From f79e7ea571732a6e16f15c6e2f000c347e2d7431 Mon Sep 17 00:00:00 2001
From: Lorenz Bauer <lmb@cloudflare.com>
Date: Mon, 21 Sep 2020 13:12:27 +0100
Subject: bpf: Use a table to drive helper arg type checks

The mapping between bpf_arg_type and bpf_reg_type is encoded in a big
hairy if statement that is hard to follow. The debug output also leaves
to be desired: if a reg_type doesn't match we only print one of the
options, instead printing all the valid ones.

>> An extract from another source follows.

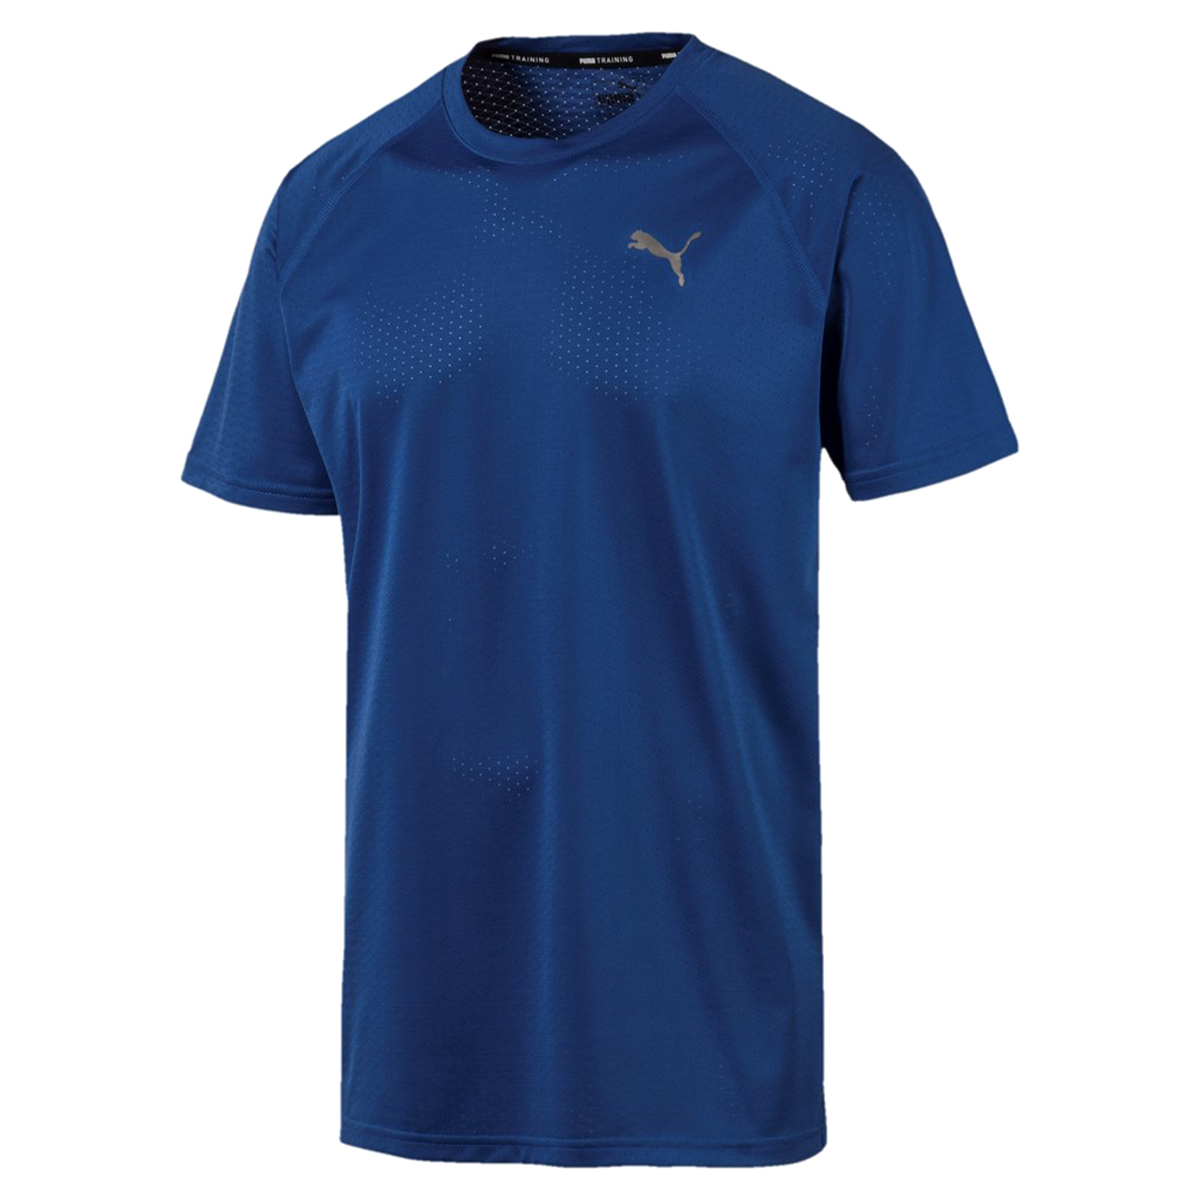 PUMA SS Tech Tee Herren T-shirt Sportswear 518389 05 blau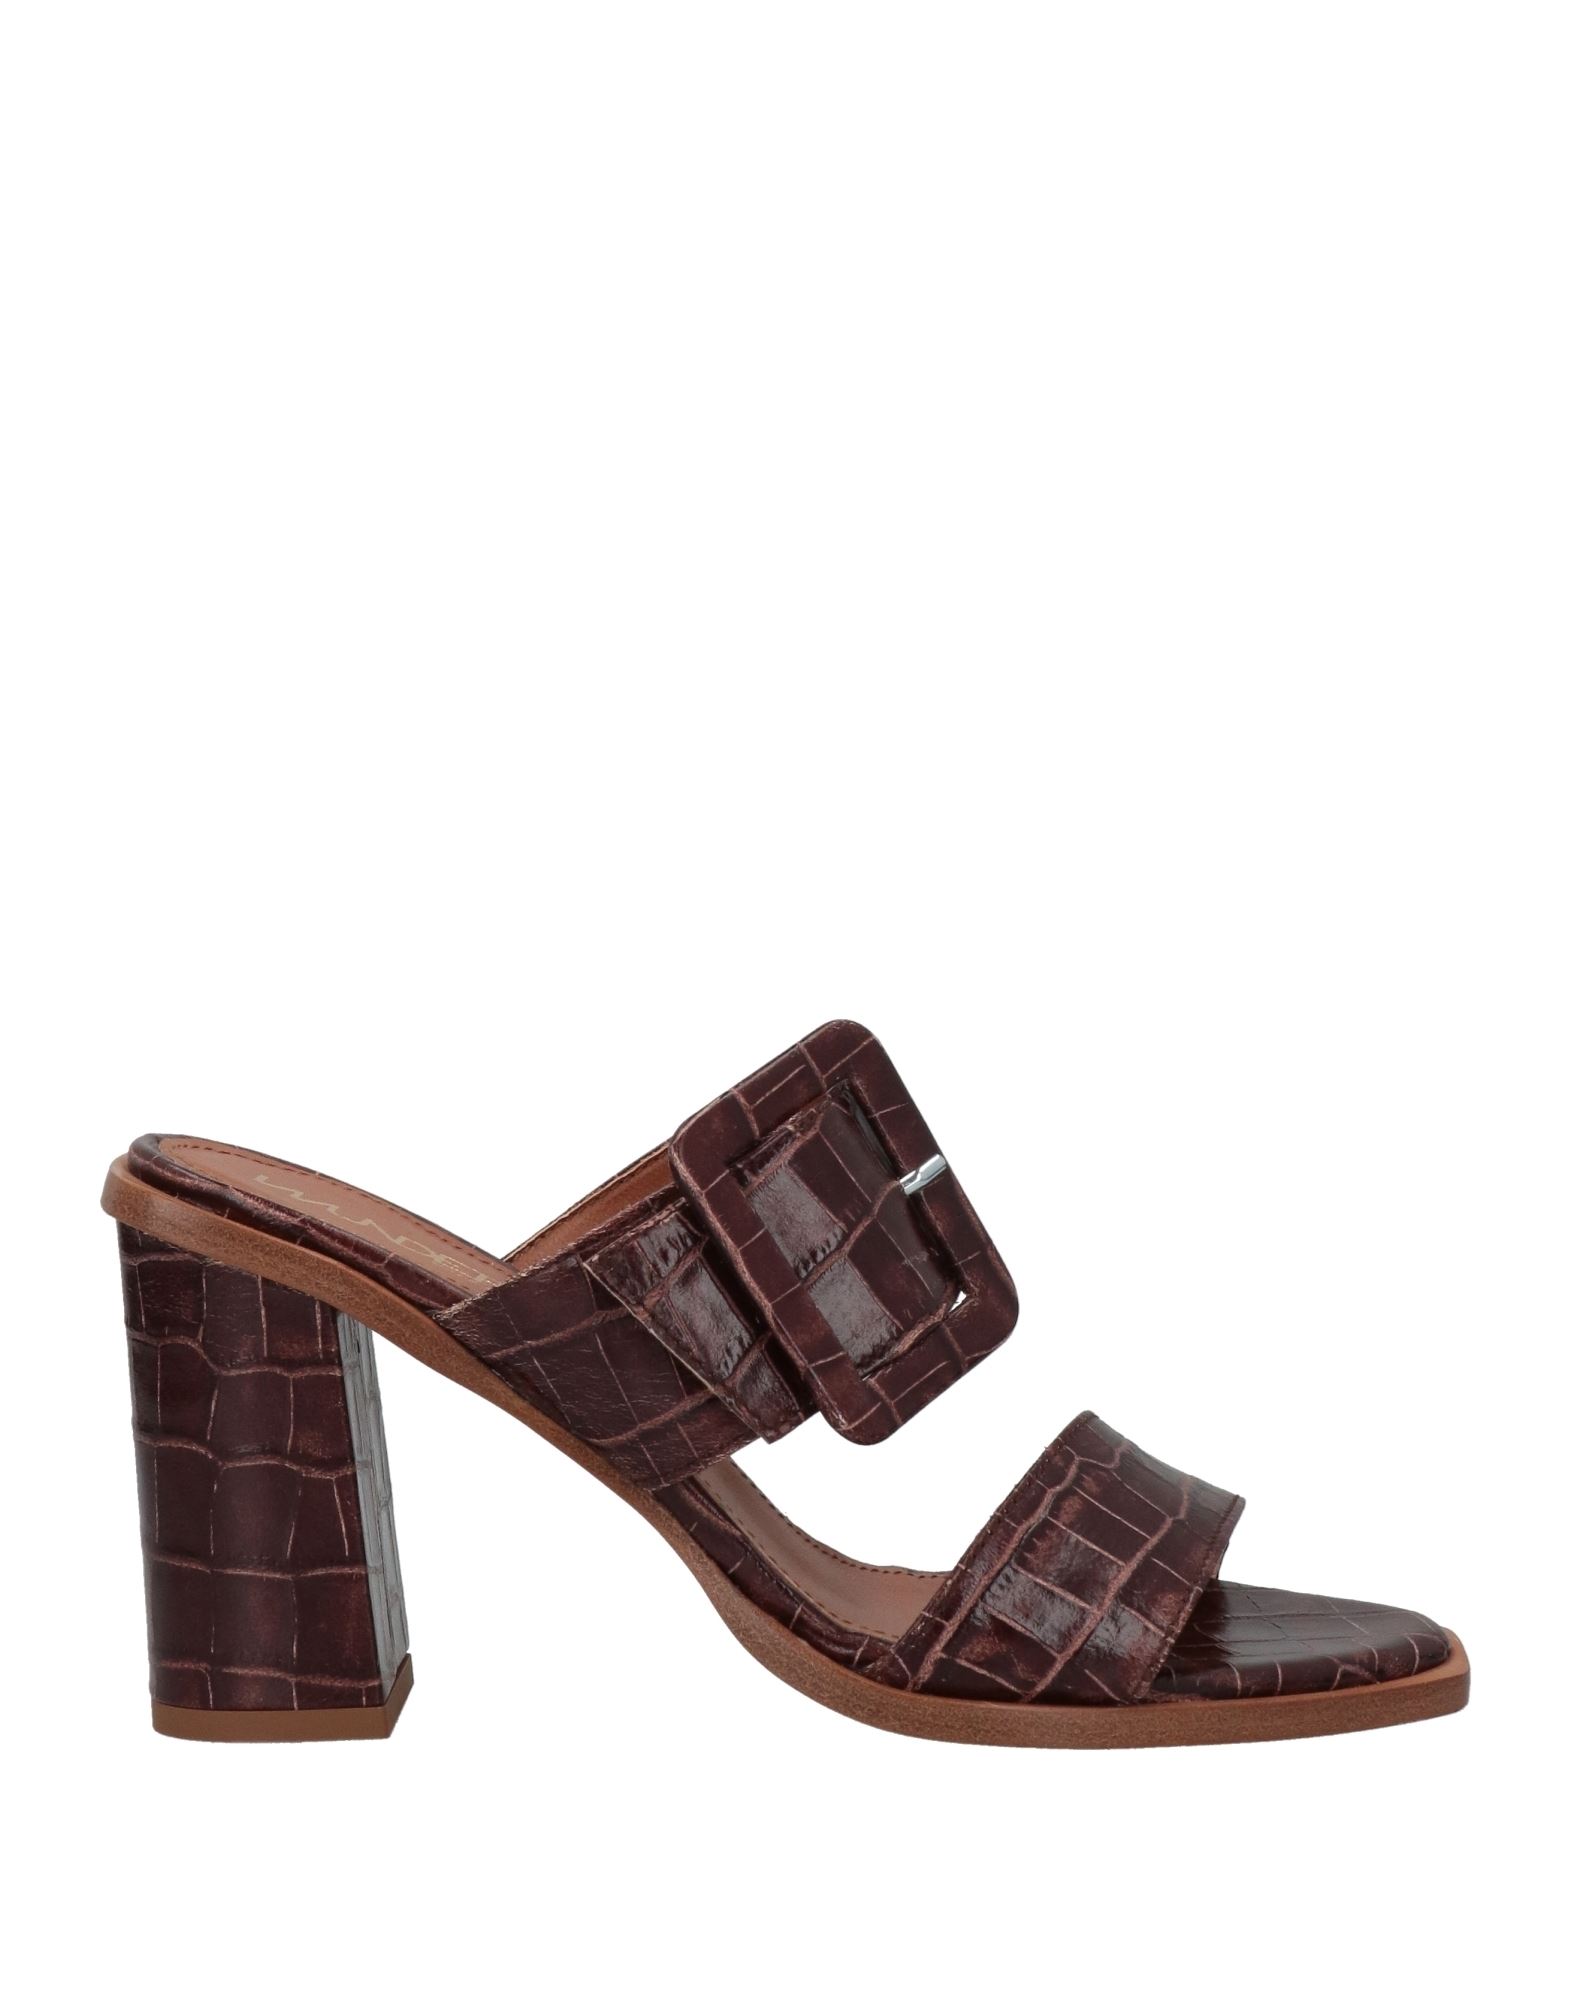 Wunderl Sandals In Brown

Convert the if statement into a table which is then used to drive type
checking. If none of the reg_types match we print all options, e.g.:

    R2 type=rdonly_buf expected=fp, pkt, pkt_meta, map_value

Signed-off-by: Lorenz Bauer <lmb@cloudflare.com>
Signed-off-by: Alexei Starovoitov <ast@kernel.org>
Acked-by: Martin KaFai Lau <kafai@fb.com>
Link: https://lore.kernel.org/bpf/20200921121227.255763-12-lmb@cloudflare.com
---
 include/linux/bpf.h   |   1 +
 kernel/bpf/verifier.c | 183 ++++++++++++++++++++++++++++++--------------------
 2 files changed, 110 insertions(+), 74 deletions(-)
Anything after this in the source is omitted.